TOTAL LEAN BODY MASS IS RELATED TO TOTAL HEMOGLOBIN MASS
Schmidt, W. F., Doerfler, C., Wachsmuth, N., Voelzke, C., Treff, S., Steinacker, J., Niess, A., & Prommer, N. (2009). Influence of body mass, body composition, and performance state on total hemoglobin mass. ACSM 56th Annual Meeting, Seattle, Washington. Presentation number 2790.

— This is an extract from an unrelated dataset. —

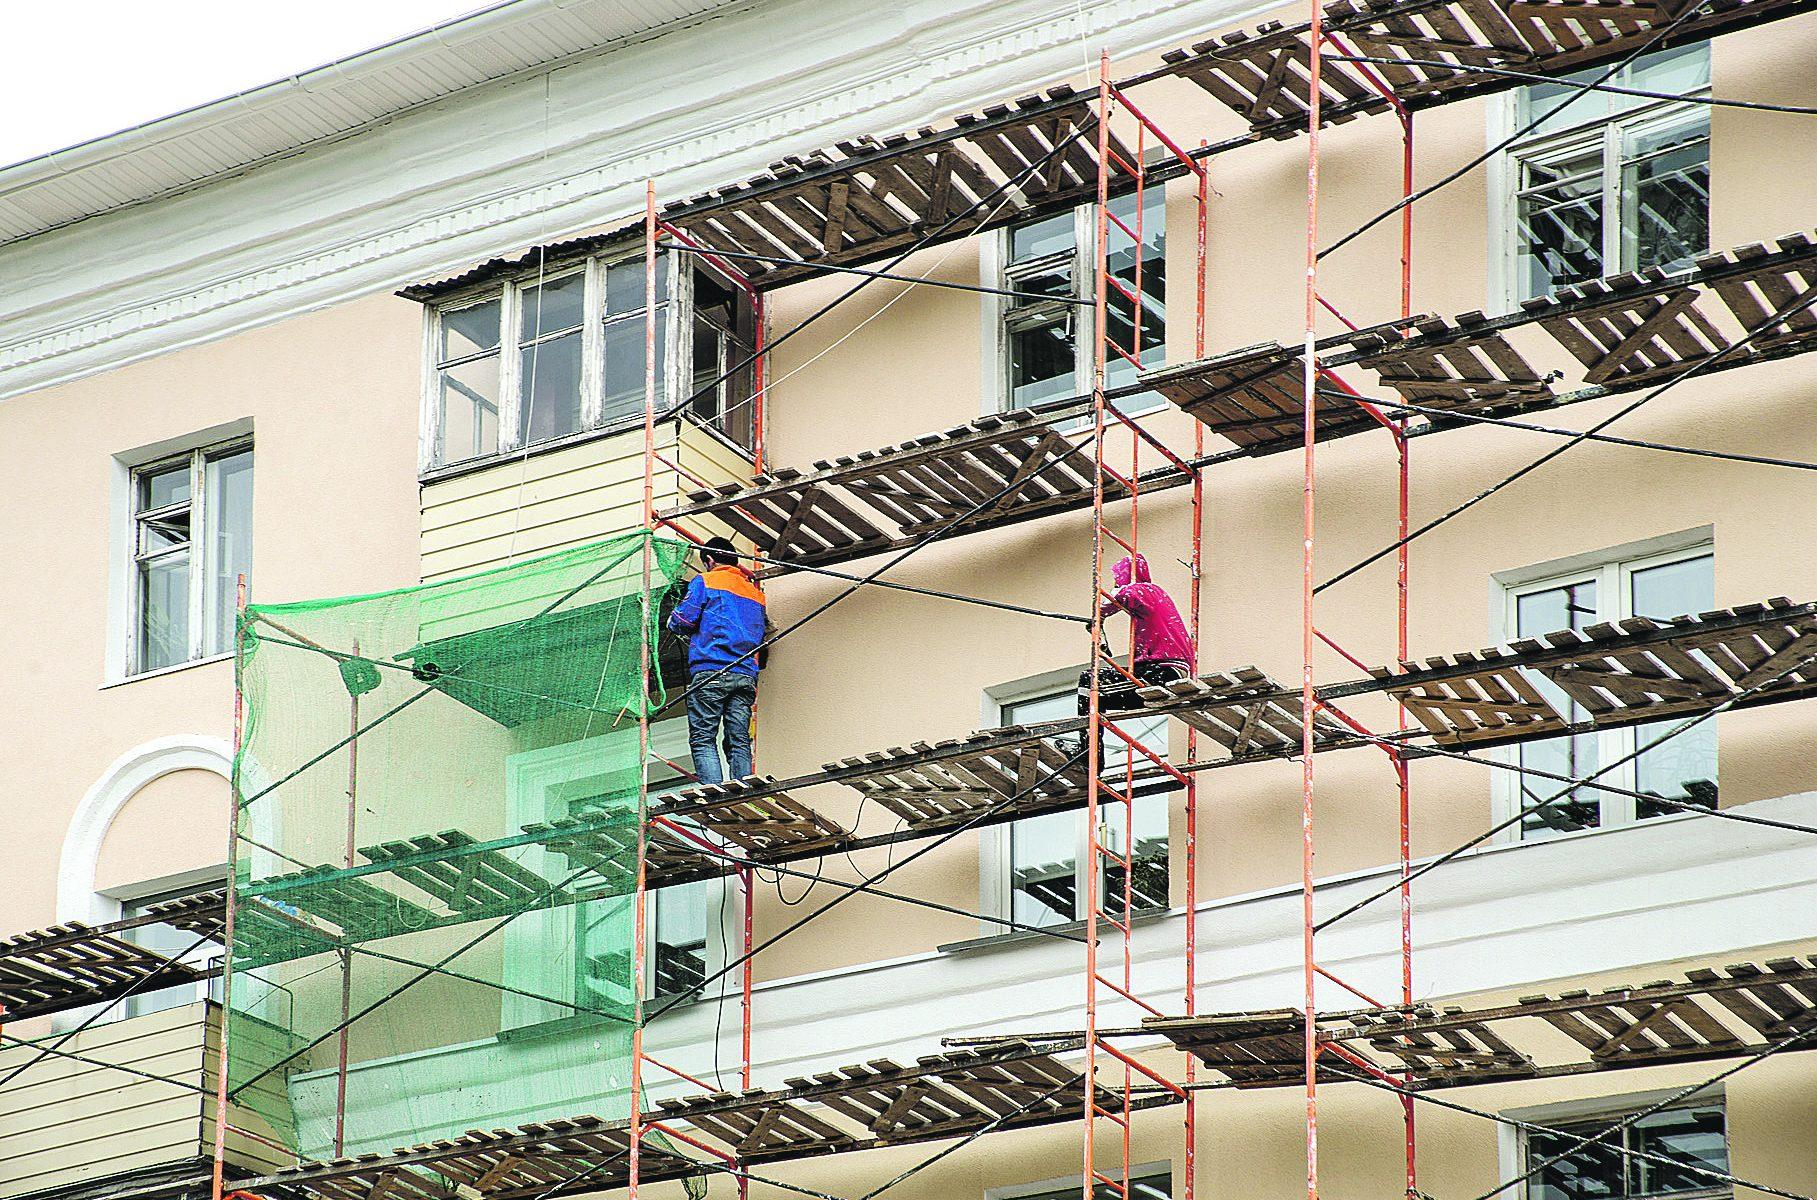 ремонт штукатурки фасадов зданий

This study attempted to define the separate impact of lean body mass and endurance performance state on total hemoglobin mass and to evaluate its influence on VO2max. Males (N = 114) categorized into seven performance groups characterized by markedly different inter-group body dimensions and endurance performances participated at the study [German elite rowers (N = 15), German elite runners (N = 13), Kenyan elite runners (N = 10), body builders (N = 20), leisure athletes (N = 14), fit but untrained Ss (N = 10), and 10.4 ±2.4 years-old fit boys (N = 32)]. Total hemoglobin mass was determined using the optimized CO-rebreathing method and VO2 max was measured on discipline-specific ergometers. Lean body mass was determined using skin fold measurement and was calculated by age-adjusted formulas.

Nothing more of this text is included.